Why India’s AI startups need more women in science and stronger risk thinking
For Indian startups and AI labs, the strong and growing pipeline of women in STEM is a strategic advantage.
India’s AI startups are scaling at unprecedented speed, but velocity without structured risk thinking can undermine long-term trust, regulatory acceptance, and investor confidence. In this high-growth phase, the competitive edge will not come from compute power alone, but from cognitive diversity and disciplined AI governance embedded early in model development.
Key aspects of the Union Budget 2026 highlight India’s economic objectives related to the development of artificial intelligence (AI). Expanding investment in AI labs, research ecosystems and digital skilling, a coordinated push to position India among global AI leaders.
For AI startups, these public investments reduce entry barriers and accelerate innovation cycles, but they also increase expectations around responsible deployment.
The recent India–AI Summit culminated in the New Delhi Declaration on AI Impact, endorsed by 88 countries and the EU, to promote “collaborative, trusted, resilient, and efficient” AI.
This milestone demonstrates India’s growing influence in shaping global AI regulatory frameworks. The success of the summit, including participation by global leaders from technology, generative AI development, and AI business solutions, reinforces India’s potential to be a leader in AI. Moreover, India’s participation in Pax Silica, a US-led initiative for critical minerals and AI supply chains, further highlights international collaboration. For startups building generative AI models or AI-enabled platforms, this global alignment signals that governance standards will increasingly influence market access and cross-border expansion.
A report suggests AI is projected to contribute nearly $1.7 trillion to India’s economy by 2035, with roughly 89% of new technology startups across fintech, healthcare, manufacturing, and enterprise software already integrating AI into their offerings. The India AI Mission has allocated Rs 10,372 crore to strengthen national capabilities, including the integration of over 38,000 GPUs into centralised computing infrastructure and the development of 12 indigenous foundation models.
These investments signal India’s dual role as both a developer and a facilitator in the emerging AI ecosystem. However, as foundational model capabilities expand, the responsibility for safe, unbiased, and explainable deployment increasingly shifts to startups building applications on top of this infrastructure.
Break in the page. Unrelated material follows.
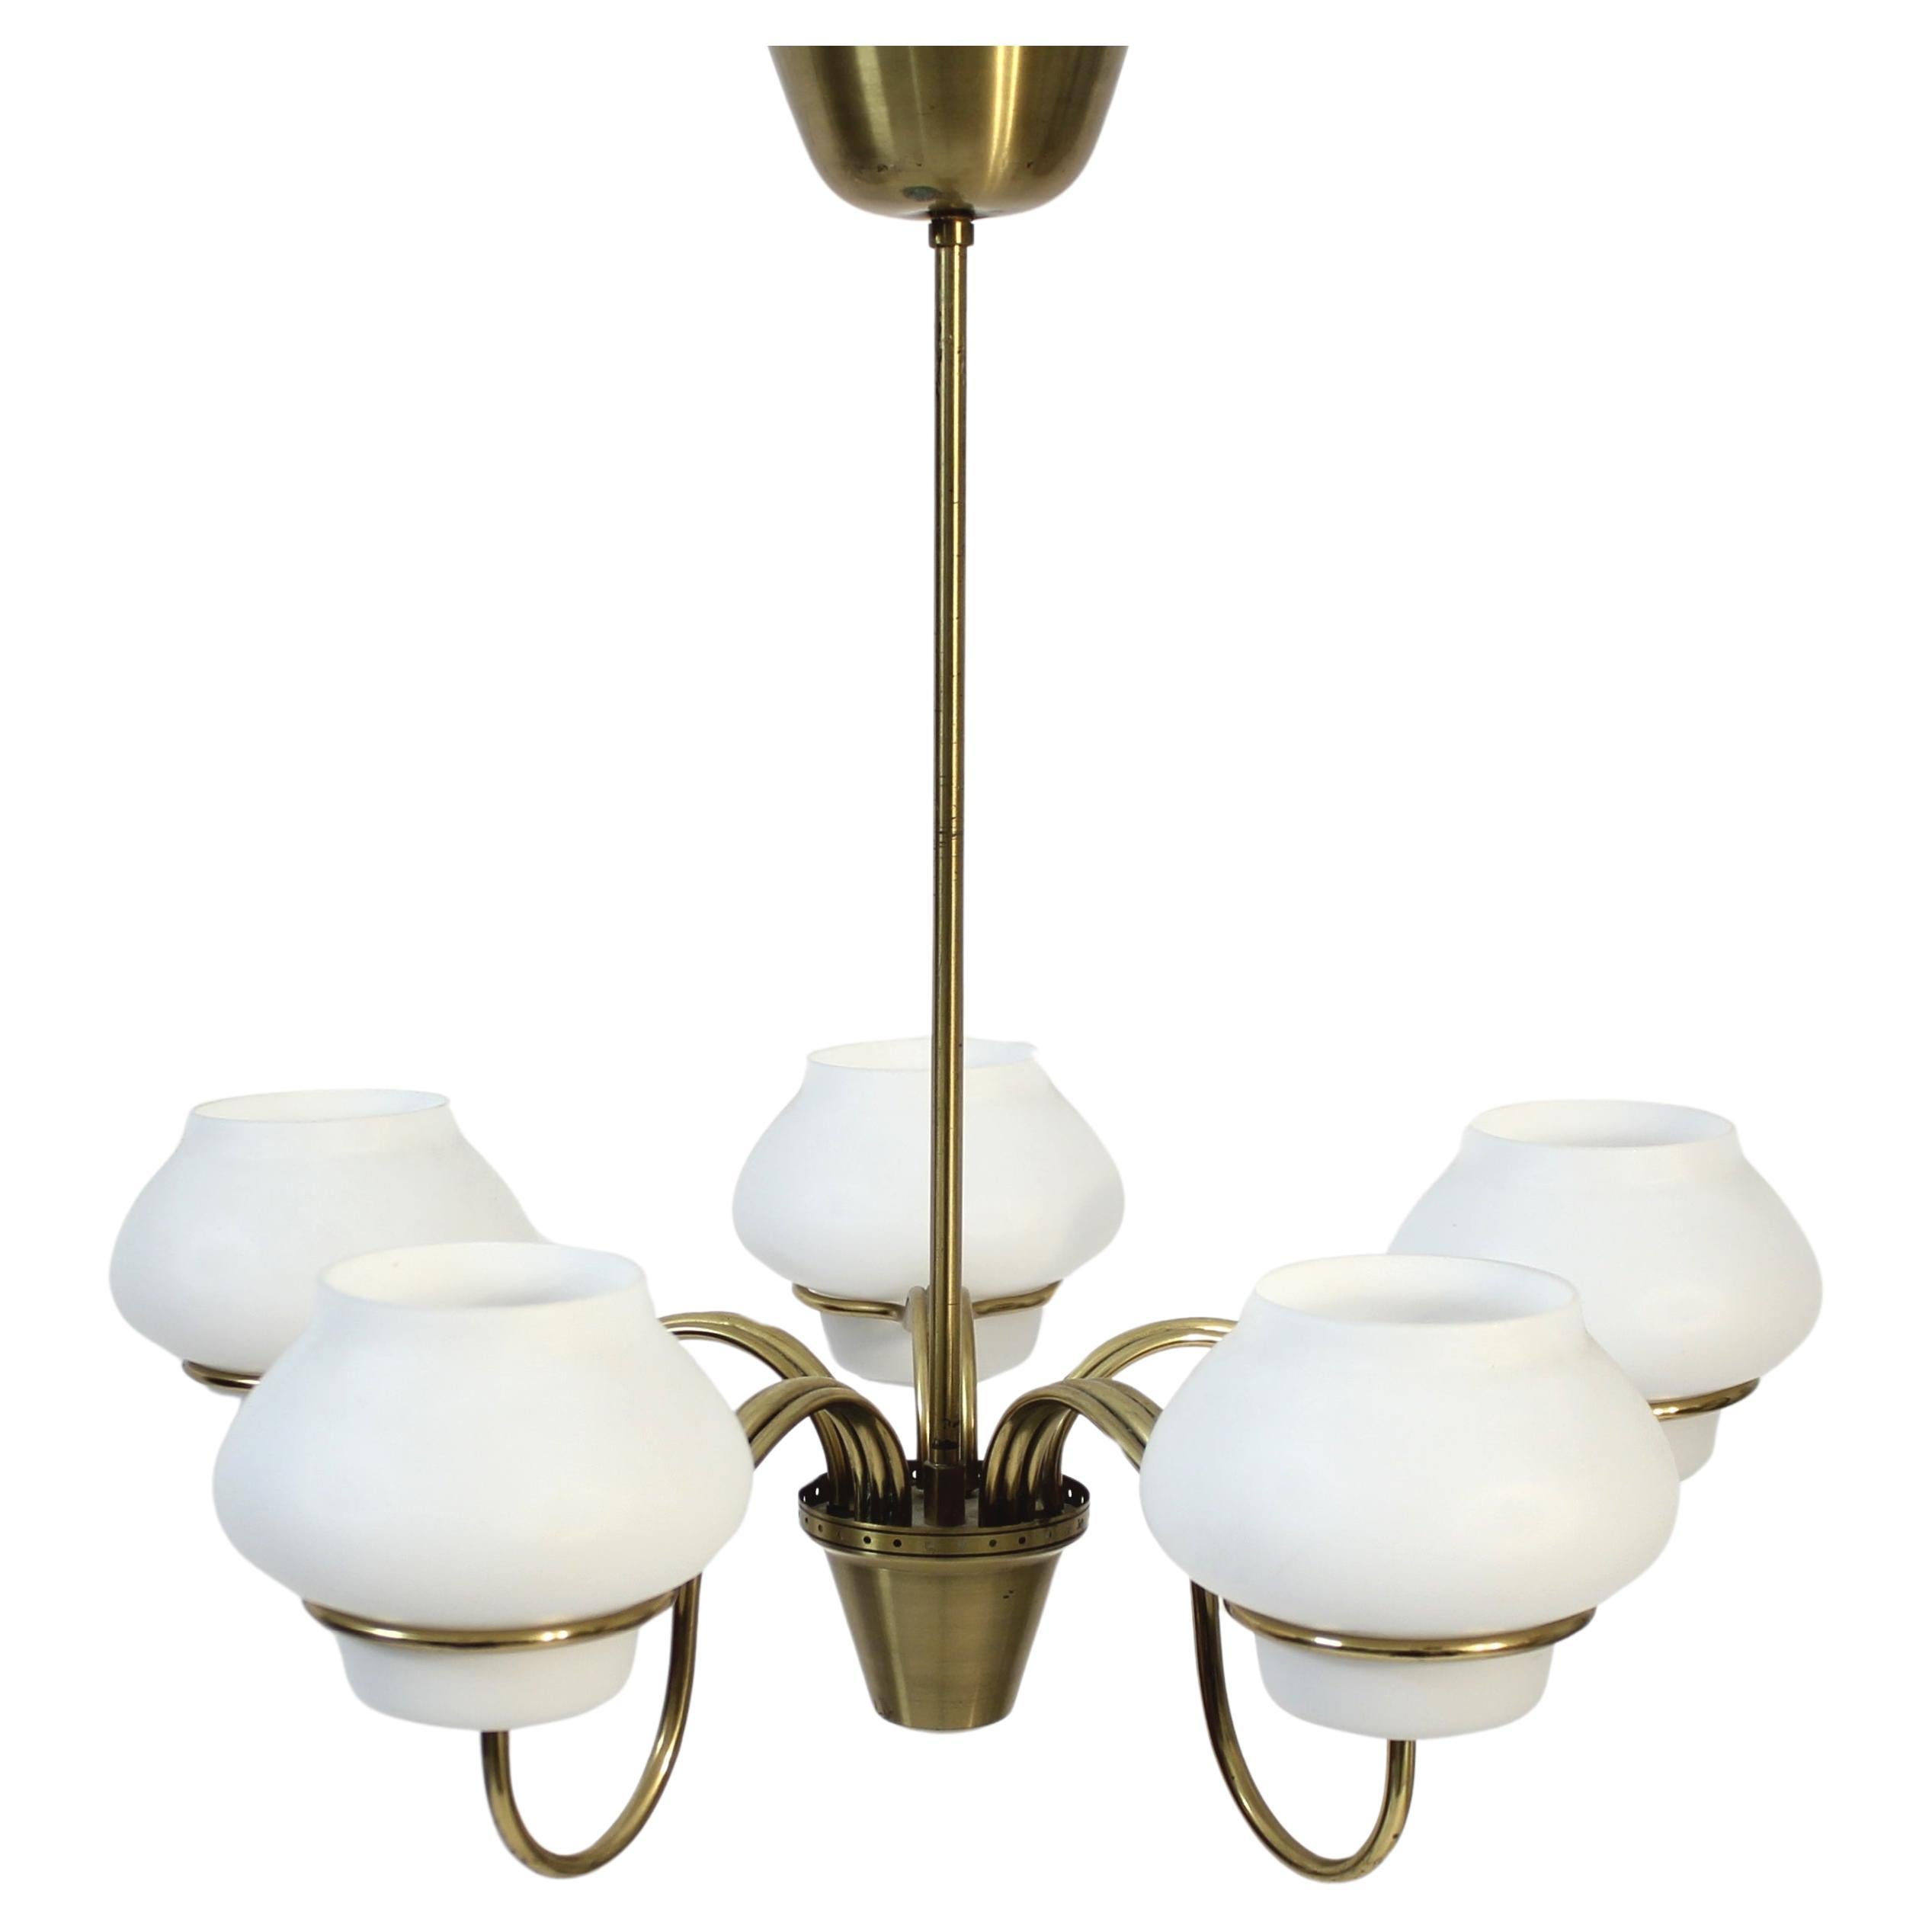 5-light ceiling mounted chandelier attributed to Gunnar Asplund for ASEA but unmarked. It has opalin glass shades on a brass frame. The mount of the shades are very much like a few other models designed by Asplund. Very good vintage condition with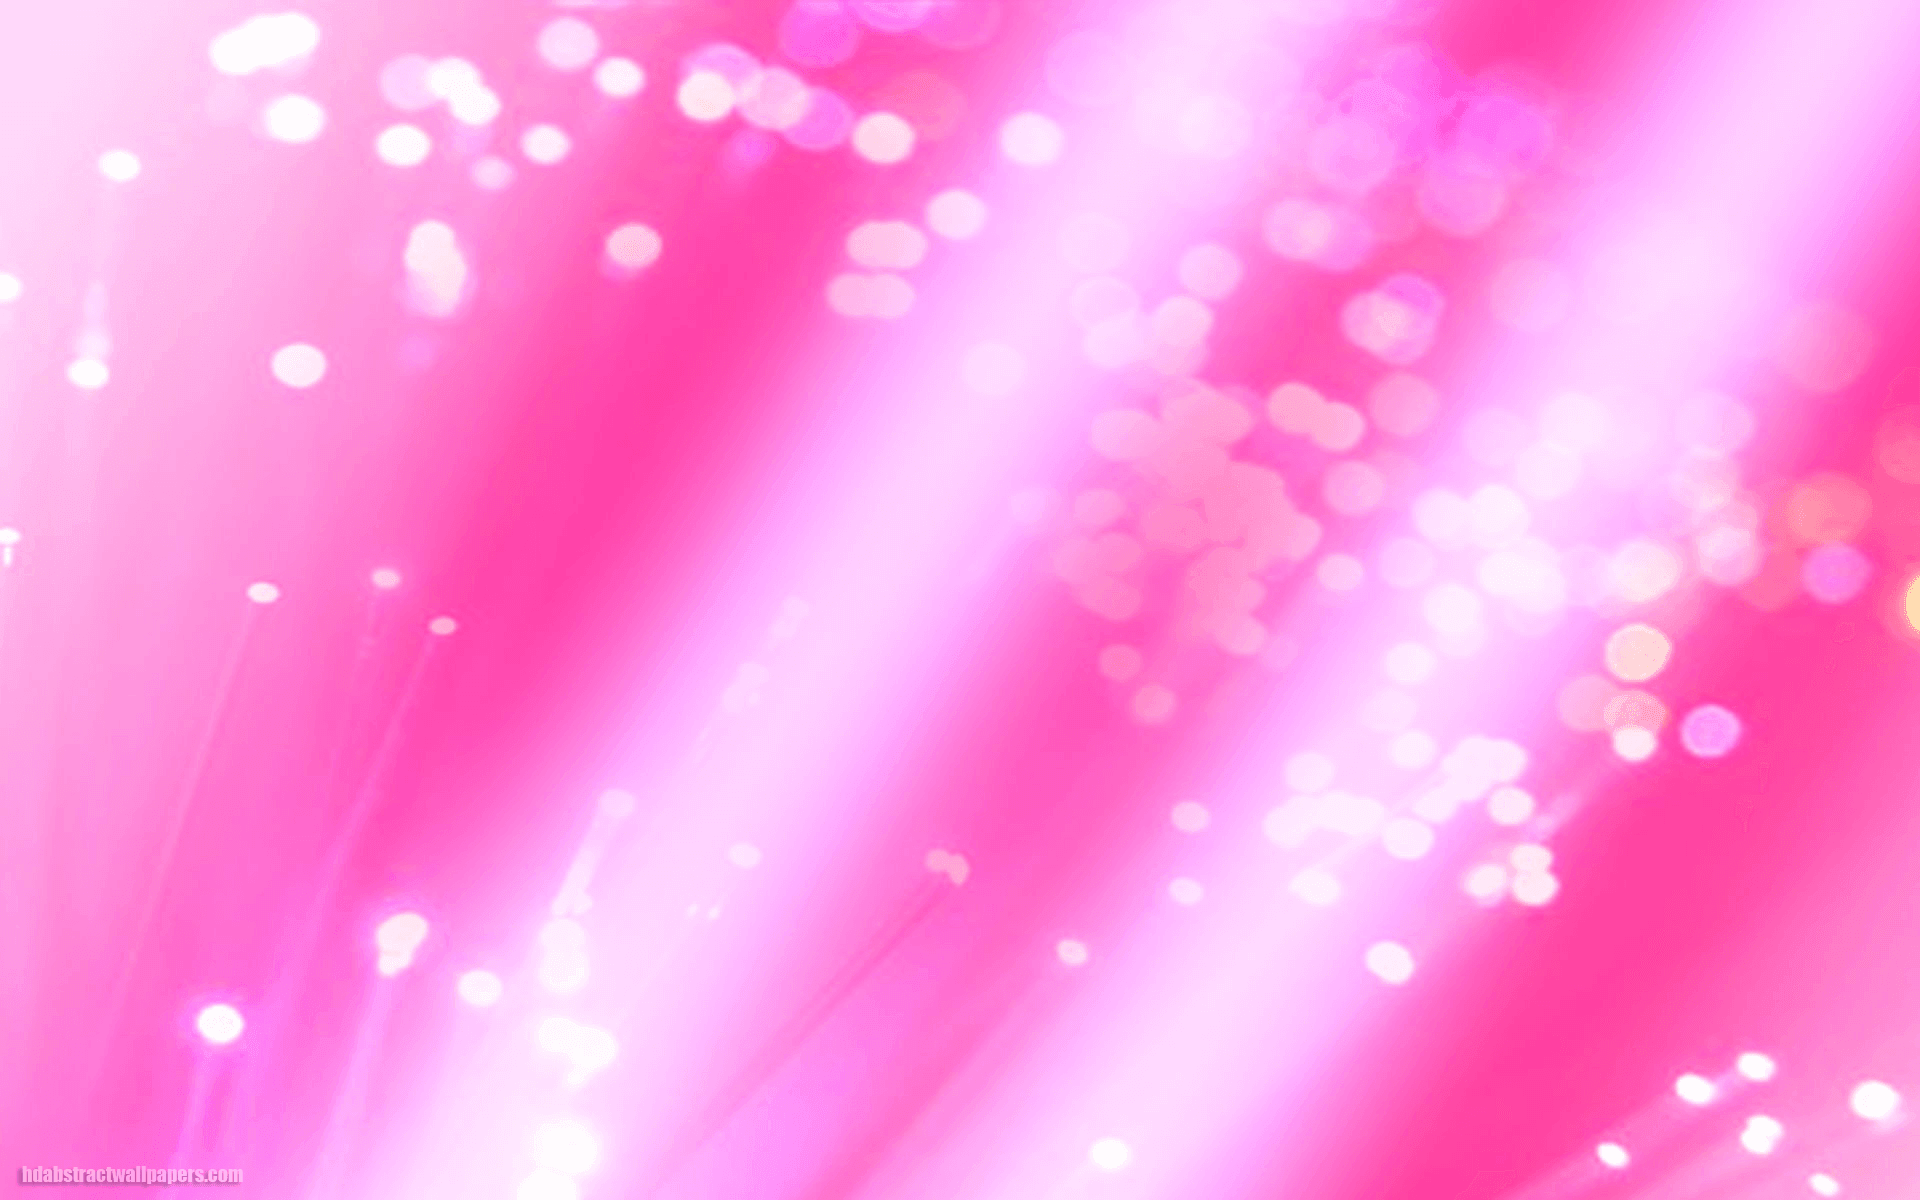 Gallery For Gt Pink Wallpaper Abstract

Risk and regulatory scrutiny will likely intensify while firms compete to lead generative AI model development. As India moves toward a principle-based AI governance framework with bodies such as the AI Governance Group and the AI Safety Institute, global measures such as the EU AI Act underscore that responsible AI is a market expectation. Trust in AI will be a key differentiator—87% of Indian organisations are using AI, with only a quarter operating at scale.
For early-stage ventures, trust can become a decisive factor in securing enterprise clients, regulatory approvals, and long-term capital.
The summit emphasised ethical AI practices, including transparency, fair access, and user privacy. A balanced regulatory framework is needed to maximise AI’s benefits while mitigating risks and addressing concerns about bias, privacy, and societal impact.
Cognitive diversity and structured risk governance can play a key role in shaping AI
Research shows that cognitively diverse teams challenge design choices more effectively, identify risks earlier, and are less prone to groupthink. Demographically diverse AI development teams, including gender diversity, can help mitigate the risk of unintended bias in the outputs of AI models used by Indian banks for credit scoring, fraud detection, and AML.
Building strong AI model governance frameworks can yield practical risk-control questions that test assumptions, e.g., Who could be harmed by this decision? What assumptions does the data embed? How will model output be evaluated and explained to regulators, customers, or the board?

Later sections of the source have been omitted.